でも、これはやはりずるいですよね(笑)。編曲家・松任谷正隆のすべてが詰まってますよ。

佐藤

さすがの構成力。

酒井

あんバタートーストの時は、バターを塗るのではなく、のせるのが好き。均等の味にしないで、ムラを作りたいんです。

エッセイスト・酒井順子、クリエイティブディレクター・佐藤可士和
久しぶりの顔合わせに話も弾む。酒井さんの高校時代の楽しみ、和菓子作りに驚く佐藤さん。

世界の中心であんこを叫ぶ?2022年あんこの旅?

———では、そろそろ、みなさんに総論をお願いします。

秋元

あんこは、豆のおいしさに尽きると思います。かつて〈京味〉の西健一郎さんが、時々、丹波の小豆でほとんど砂糖を入れないぜんざいを作ってくれたんです。つまり、究極の豆のおいしさを味わわせてくれた。それを思い出しました。

あんこのおいしさは豆のおいしさに尽きるんだけれど、同時に、その豆のおいしさに、例えば、揚最中の皮の塩味とかバターの塩味、パンのサクサク感やフルーツとかを合わせる、といった、職人さんたちの努力で新しいおいしさが生まれている。
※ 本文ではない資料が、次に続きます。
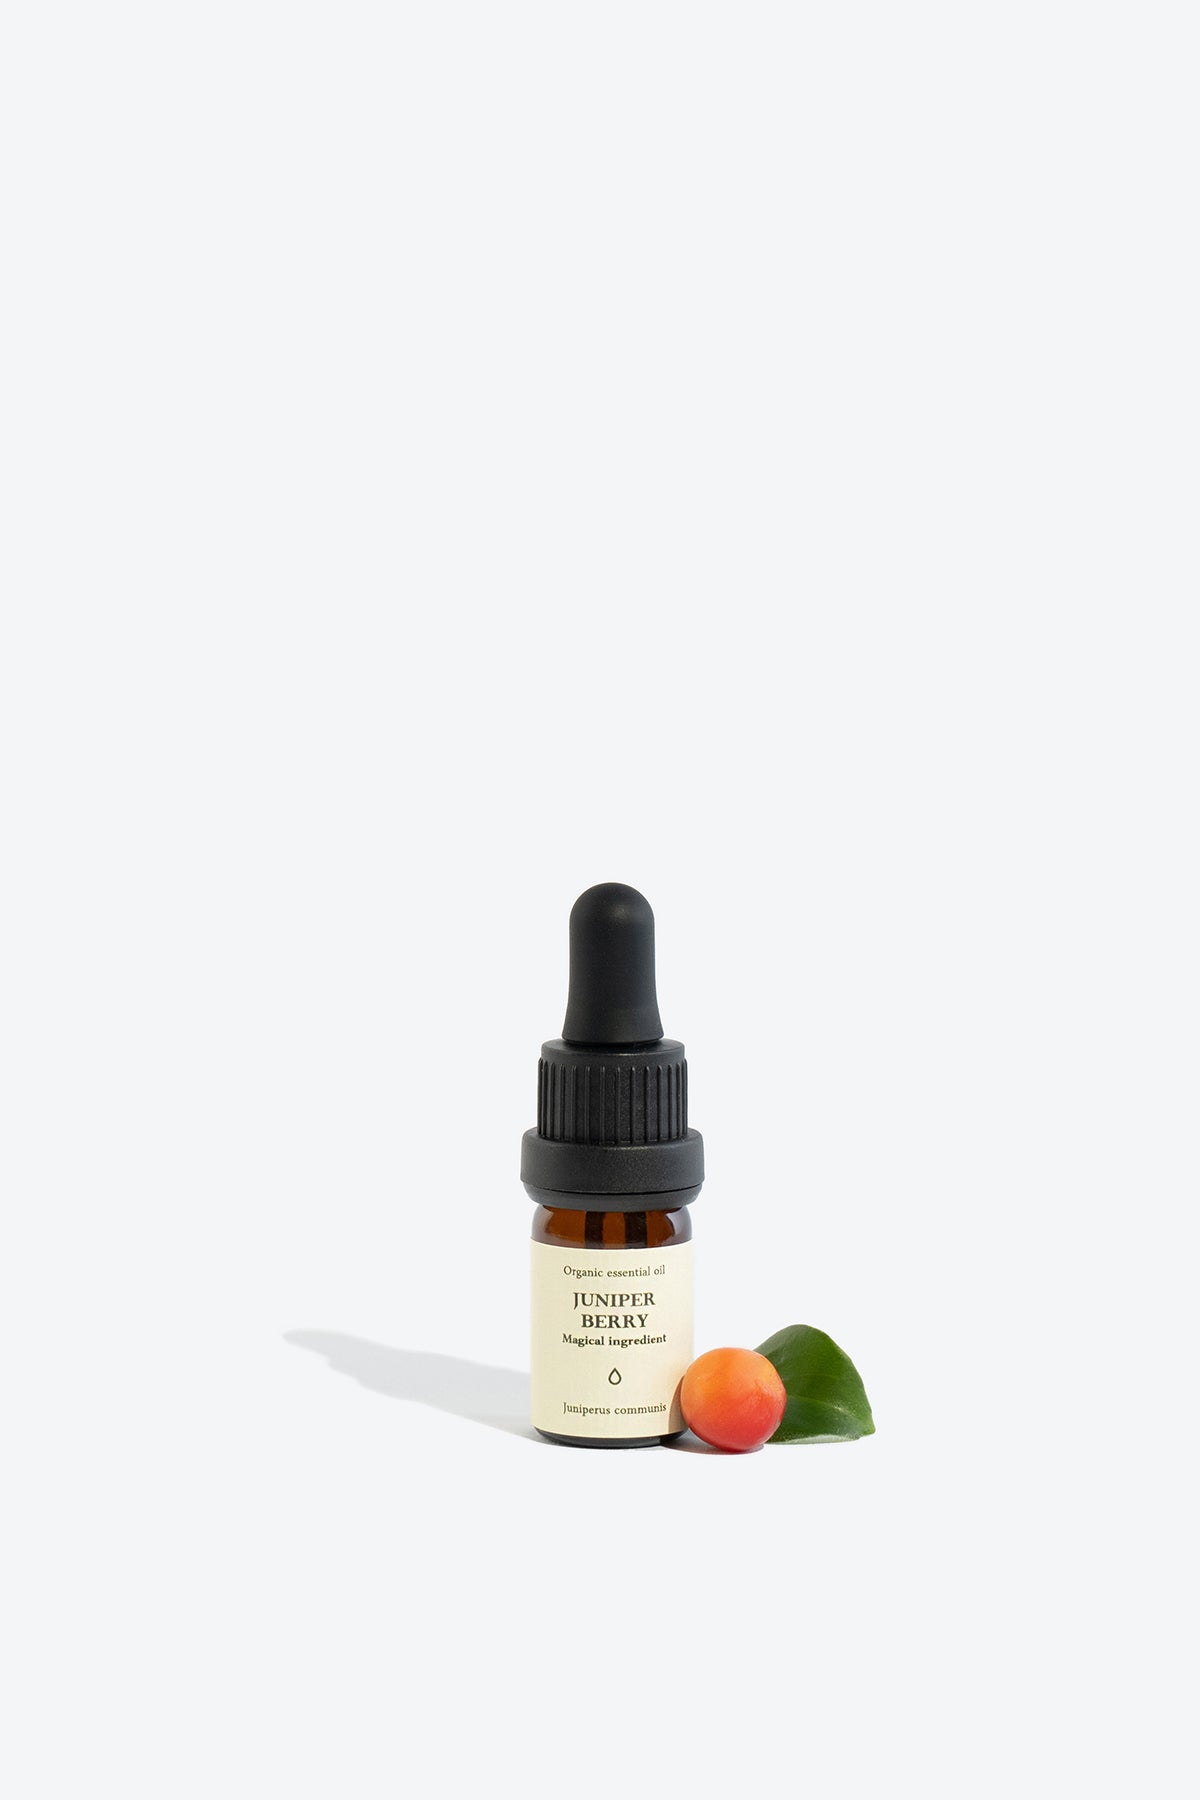 Juniper Berry Organic Essential Oil

和菓子はあんこが中心です。いや、世界の中心はあんこなのです(笑)。
意外だったのは、可士和さんのかき混ぜたあんみつ。僕は〈おかめ〉でも〈梅むら〉でも、あんみつは混ぜない派。あの「混ぜる」というのは、新しい宇宙でしたね。

松任谷

和菓子は研究途上。まだまだ氷山の一角をさまよっているような状態です。もともとは、こしあん派だったんだけど、今回、あらゆるあんこと格闘して、少しつぶあん派に傾いています。

さっきも言ったけど、小豆の皮の渋味にはまっています。そこに極意があるような気がする。しばらく、あんこの旅に出てみようと思います。

酒井

子供の頃、母の作るあんこはつぶあんでしたが、ある時、〈銀座立田野〉で御膳汁粉を食べて、そのおいしさに衝撃を受けた。それ以来、こしあん派です。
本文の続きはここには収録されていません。